(一)

    乍暖還寒的早春常常讓人們忽略了春的到來,沒人注意到它正與凜冽的西風拉扯,努力抵製著寒潮。

    當最後一片積雪融化,早春宛如一位害羞的姑娘,悄悄地來到了我們身邊。她腳步輕盈,飄然從我們身邊經過,輕柔的呼吸帶來一絲芬芳;她身姿靈動,俏皮地從我們身邊經過,衣袖的輕紗拂過我們的臉頰。

    然而,我們卻渾然不覺。沒有發覺白天的日光已漸漸回溫,沒有發覺凍結的湖水上冰麵已漸漸破裂,沒有發覺光禿禿的枝幹上已經生出新芽,沒有發覺昔日的鳥雀已悄悄回到了它們的舊居。

    直至滿樹吐露新葉,遍地青草招搖,我們才突然發覺,春天已經來臨。當我們為此欣喜不已的時候,當我們急忙換上春服的時候,當我們開始關注哪裏的花開了沒有的時候,當我們正準備好好品味春天的時候,春天已經過了一半了。

    此時,春的腳步突然加快了起來,空氣忽然變得熱了起來,身邊的色彩忽然變得豐富而明亮起來。走在正午的街頭,一股股熱氣中夾雜著各種對清涼的渴望,竟讓人猶如置身夏季。

    時光流逝之快讓人來不及反應,仿佛睜眼閉眼之間,各種顏色的花兒就綴滿了枝條,葉子從黃綠到翠綠再到深綠也仿佛一瞬間的事情。轉眼間,匆匆而至的初夏擠走了春天。

    我們看不見時光的流逝,卻看見櫻桃紅了,芭蕉綠了。

    是的,就在我們徘徊的時間裏,就在我們彷徨的日子裏,就在我們懶散的光陰裏,春去了,夏至了。

    (二)

    一片春愁待酒澆。

    江上舟搖,樓上簾招。

    秋娘渡與泰娘橋,風又飄飄,雨又瀟瀟。

    何日歸家洗客袍。

    銀字笙調,心字香燒。

    流光容易把人拋,紅了櫻桃,綠了芭蕉。

    這首詞名為《一剪梅·舟過吳江》,是宋末詞人蔣捷在乘船經過吳江縣時所作。作這詞時,南宋已經滅亡了,詞人通過描寫所見之美景,將自己的傷春之情和“身為異鄉客,心中盼歸鄉”的情緒在詞中表露無遺。

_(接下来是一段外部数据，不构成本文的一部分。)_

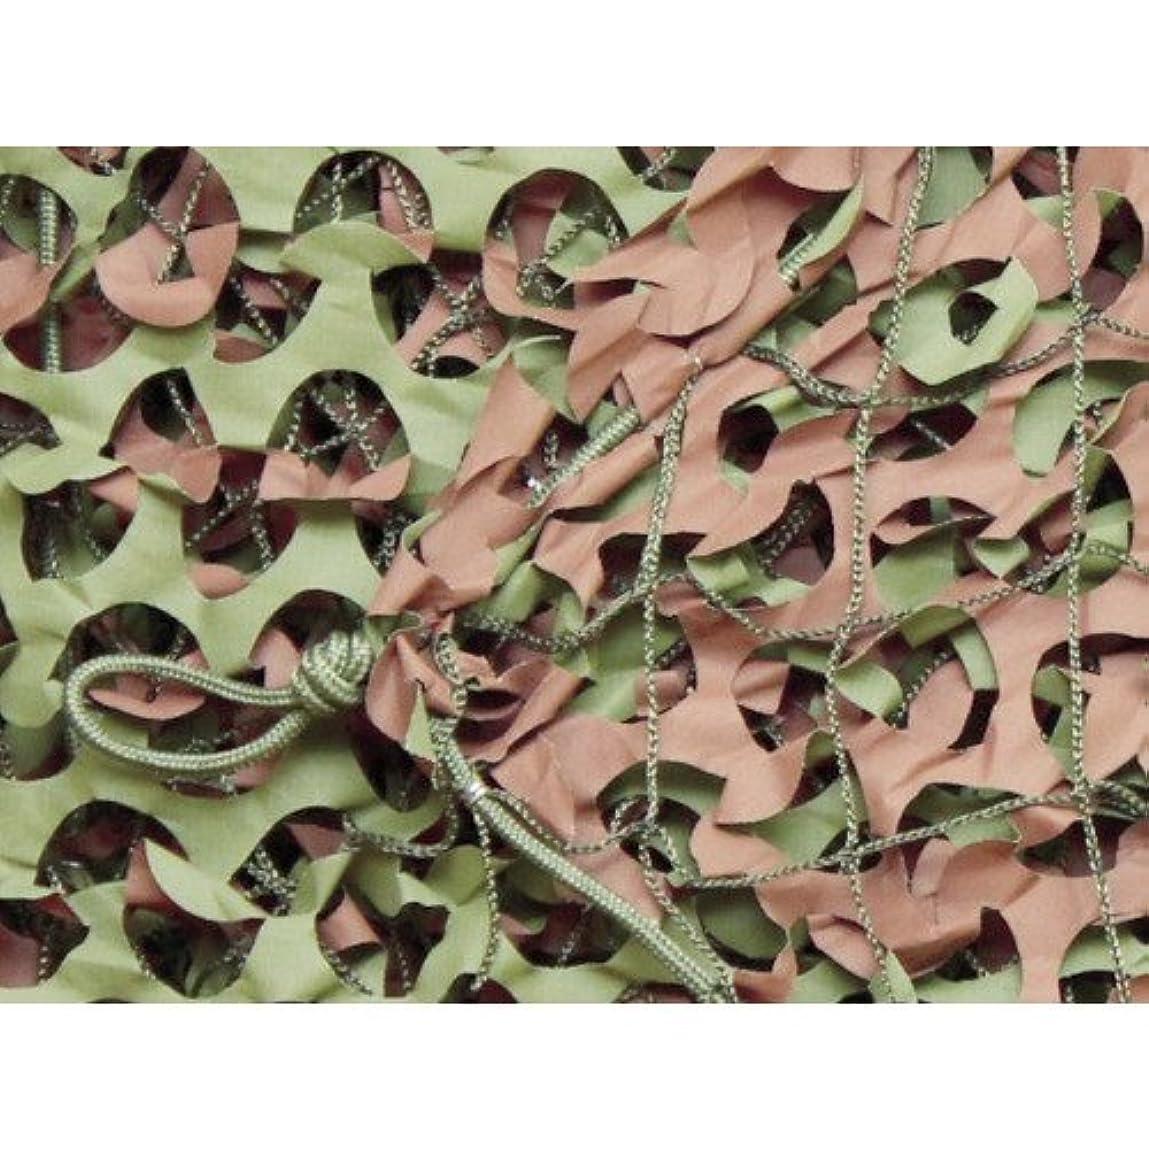 仕立て屋意図繕うトラスコ中山 CAMO ベーシック レギュラーXミリタリー グリーン&ブラウン 1.8mX6m WM13

    一隻小船緩緩地漂在吳江之上,詞人坐在船上,滿心的春愁。他正欲借酒澆愁,卻恰好看見岸上的酒簾飄搖,招攬著酒客。於是停船飲酒,微醺,離去,繼續前行。

    醉眼惺忪中,昔日秀婉嫵媚令人愉悅的秋娘渡與泰娘橋映入眼簾,想到自己如今的動蕩漂泊,恍惚中,冷風入骨,冷雨寒心,令詞人心中更添憂傷。

    不知何日才能結束這四處漂泊、動蕩不安的生活,回到家鄉,洗盡身上的塵埃,與心愛的家人團聚,重新過上有佳人相伴,調弄有銀字的笙,點熏爐裏心字形香的生活。

    櫻桃紅了,芭蕉綠了。在這一紅一綠中,時光漸漸消逝,初夏靜靜地到來。流轉的光陰一年又一年,詞人卻隻能在離亂顛簸的流亡途中無奈地吟唱著心中的歌。